Encontrarse a medianoche en Stanhope Gate no era mucho mejor que hacerlo en el atrio de St. Georges. La condesa había leído demasiadas novelas góticas. En este caso, o se había olvidado de que los portones del parque se cerraban al anochecer o contaba con que él ejercitara sus singulares talentos con el candado que impedía la apertura de las puertas de hierro. Hizo esto último y dejó los portones abiertos de par en par. No sería la primera vez que alguien se olvidaba de cerrarlos.

Al menos no había niebla, apenas capas de sombras que se extendían sobre la extensión del parque, cambiando y vagando con el viento.
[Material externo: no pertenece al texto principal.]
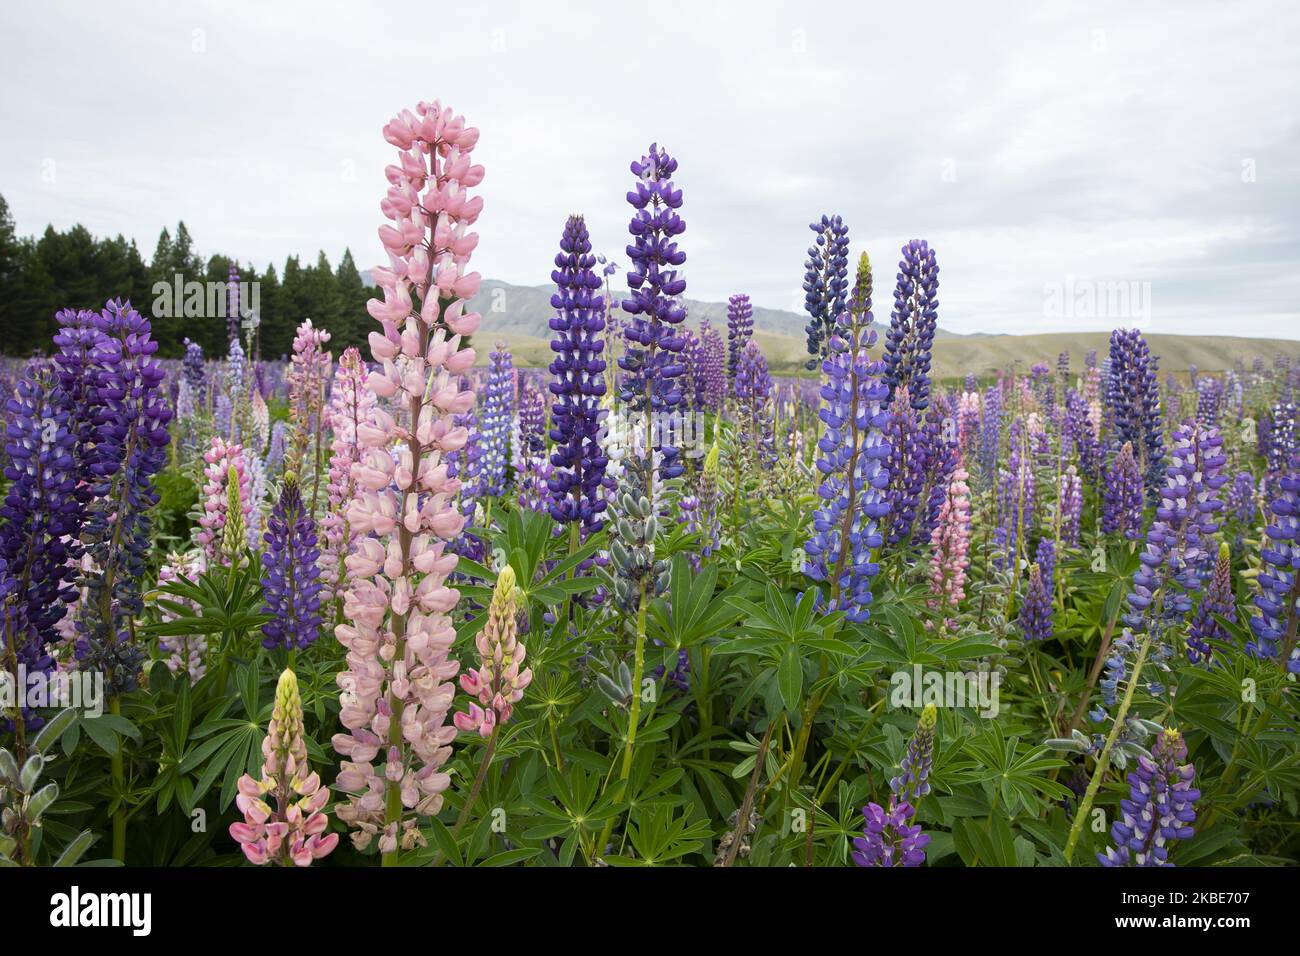 Bunte Lupinenblumen in Tekapo,Â Mackenzie Country,Â auf der zentralen Südinsel von New ZealandÂ am 10. Januar 2020.Â Tekapo ist eine der beliebtesten Touristenattraktionen Neuseelands. Jeden November beginnen riesige, farbenfrohe Felder mit Lupinenblumen entlang der Seeufer, Bäche, Kanäle und Autobahnen der Mackenzie Region in Neuseeland aufzutauchen. Lupinen sind jedoch eine nicht-einheimische Blumenart und verursachen in Neuseeland eine Reihe von ofÂ Problemen, da sie sich schnell ausbreiten und einheimische Flora und Fauna aus ihren Lebensräumen drängen. Â Â (Foto by Sanka Vidanagama/NurPhoto) Stockfoto
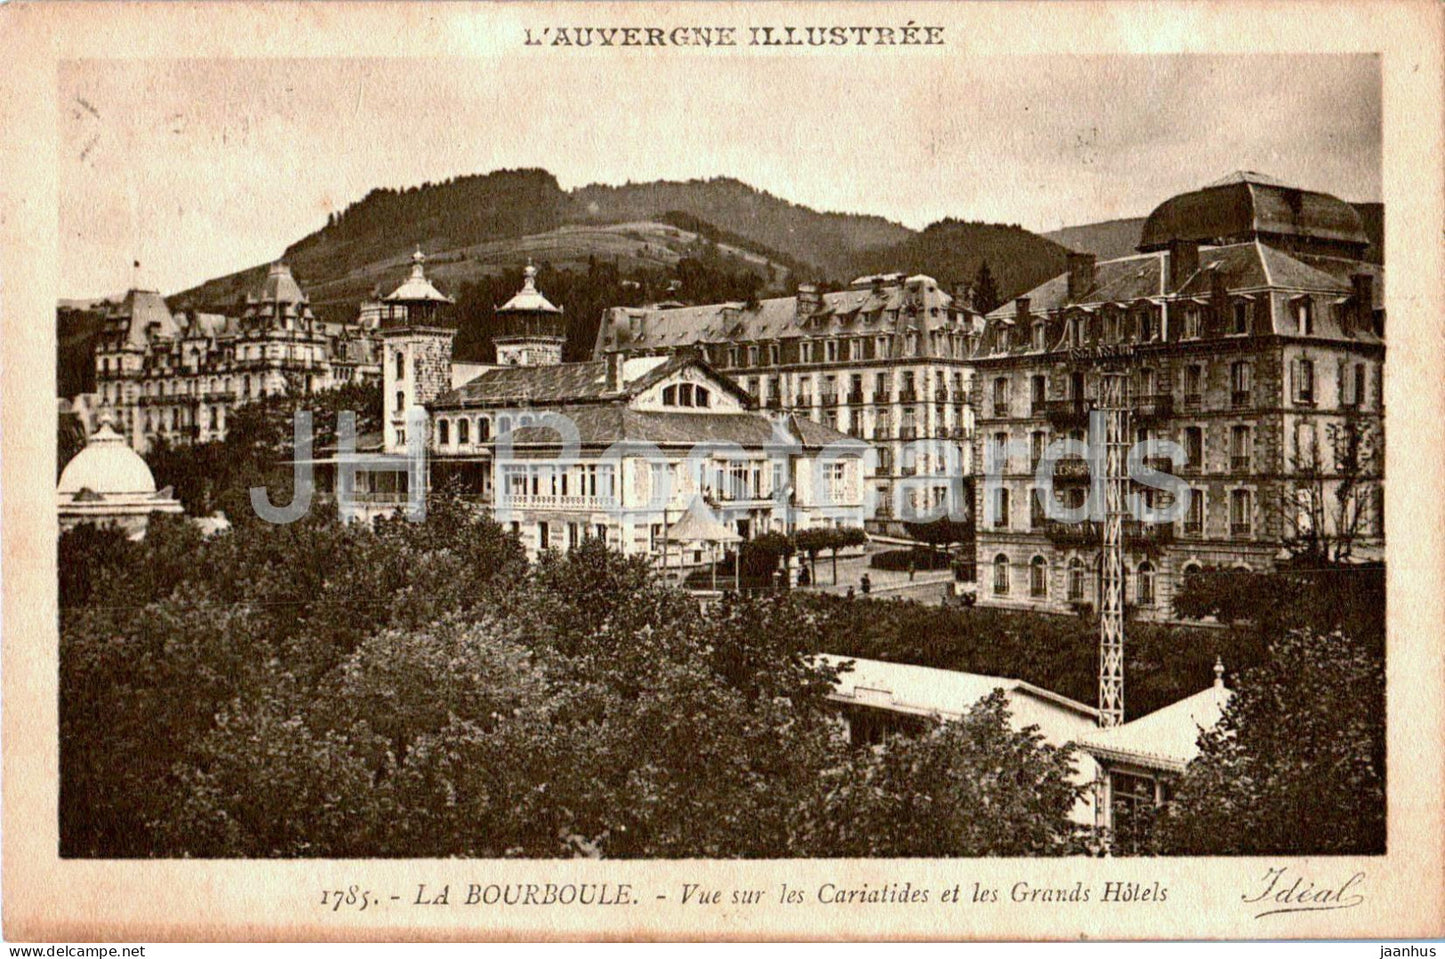 La Bourboule - Vue sur les Cariatides et les Grands Hotels - hotel - 1785 - old postcard - France - used - JH Postcards

Había luz suficiente como para ver, como para distinguir formas, pero no los detalles.

En la distancia, se escuchó el tañido de una campana, la primera nota de la medianoche. Prestó atención a los otros campanarios que se le unieron, sonaron las otras campanadas y la última de las notas murió en la noche inquietante. Volvió el silencio y se instaló.

El traqueteo de la rueda de un carruaje fue la primera indicación de que la espera llegaba a su fin. Había muchísimos carruajes que circulaban alrededor de Mayfair, pero estaban lo bastante lejos para ignorarlos. El uniforme traqueteo continuó, acentuado por el golpeteo de los cascos y luego apareció un pequeño carruaje negro, con las luces apagadas, que atravesó los portones adentrándose en la negrura del parque.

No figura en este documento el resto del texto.